ENG Researchers Win $1.5M Department of Energy Grant
Collaboration could lead to better biofuel synthesis
By Liz Sheeley
Three ENG researchers, Assistant Professor Mary Dunlop (BME), Assistant Professor Wilson Wong (BME), and Professor Ji-Xin Cheng (ECE, BME, Chemistry, Physics), were awarded a three-year, $1.5M Department of Energy (DOE) grant to develop technology to better understand and measure the synthesis of biofuels in living cells.
“This project uses complementary skills from each of our labs and the intersection is a really exciting interdisciplinary approach to an important problem,” says Dunlop, the principal investigator on the project.
Biofuels, including biodiesel, are renewable sources of energy, but producing them economically has been one of the biggest hang-ups in widespread use. Scientists have managed to use synthetic biology and metabolic engineering to use living cells to produce the precursor to biofuels, fatty acids, but the production rate is relatively low and the process is not precise.
The current way to quantify fatty acid production is to use a method called gas chromatography—mass spectrometry (GC-MS). The alternative method Dunlop, Wong, and Cheng are proposing would allow researchers to test hundreds to thousands of cell types at once and greatly improve the current throughput of GC-MS.
The DOE-funded project uses an imaging method pioneered in the Cheng lab called stimulated Raman scattering (SRS) to image cells, which drives the potential to dramatically increase throughput while simultaneously providing a direct measurement of fatty acid biosynthesis.
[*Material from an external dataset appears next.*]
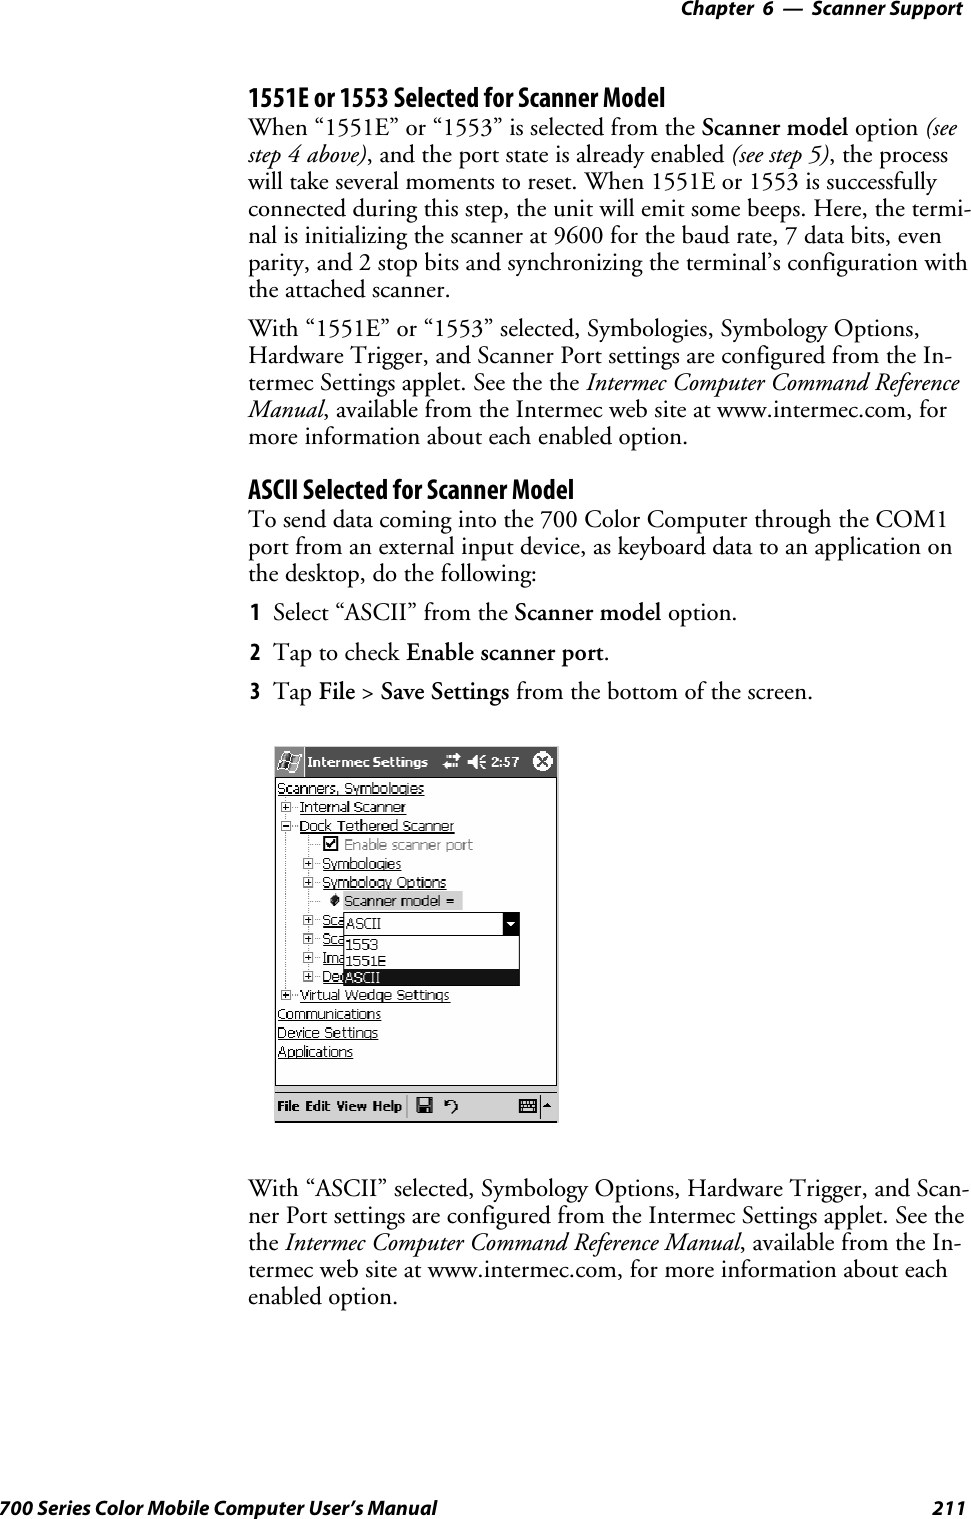 6 Scanner Support—Chapter211700 Series Color Mobile Computer User’s Manual1551E or 1553 Selected for Scanner ModelWhen “1551E” or “1553” is selected from the Scanner model option (seestep 4 above), and the port state is already enabled (see step 5),theprocesswill take several moments to reset. When 1551E or 1553 is successfullyconnected during this step, the unit will emit some beeps. Here, the termi-nal is initializing the scanner at 9600 for the baud rate, 7 data bits, evenparity, and 2 stop bits and synchronizing the terminal’s configuration withthe attached scanner.With “1551E” or “1553” selected, Symbologies, Symbology Options,Hardware Trigger, and Scanner Port settings are configured from the In-termec Settings applet. See the the Intermec Computer Command ReferenceManual, available from the Intermec web site at www.intermec.com, formore information about each enabled option.ASCII Selected for Scanner ModelTo send data coming into the 700 Color Computer through the COM1port from an external input device, as keyboard data to an application onthe desktop, do the following:1Select “ASCII” from the Scanner model option.2Tap to check Enable scanner port.3Tap File &gt;Save Settings from the bottom of the screen.With “ASCII” selected, Symbology Options, Hardware Trigger, and Scan-ner Port settings are configured from the Intermec Settings applet. See thethe Intermec Computer Command Reference Manual,availablefromtheIn-termec web site at www.intermec.com, for more information about eachenabled option.

“This new method would give us a lot more freedom to explore different types of cells, and change the DNA within them to increase or decrease cellular activities that we might think contribute to fatty acid production,” says Dunlop. “The ultimate promise of this type of approach is that it can be used on a wide variety of cell types.”
The project has three main objectives that blend into one ultimate goal: to design, screen, and categorize thousands of genetic variants to optimize fatty acid production. Along the way they will use SRS in combination with genome engineering and gene circuit design to reach their goal of building a library of genetically different cell types categorized by the quality and quantity of their fatty acid production.
The library would contain data specific to each cell type tested, including which fatty acid the cell makes, the quantity and quality of the product, and the byproducts made during synthesis. Down the line, a library like this could let engineers quickly pick the best genetic variant to produce high yields of their desired product, including biofuels.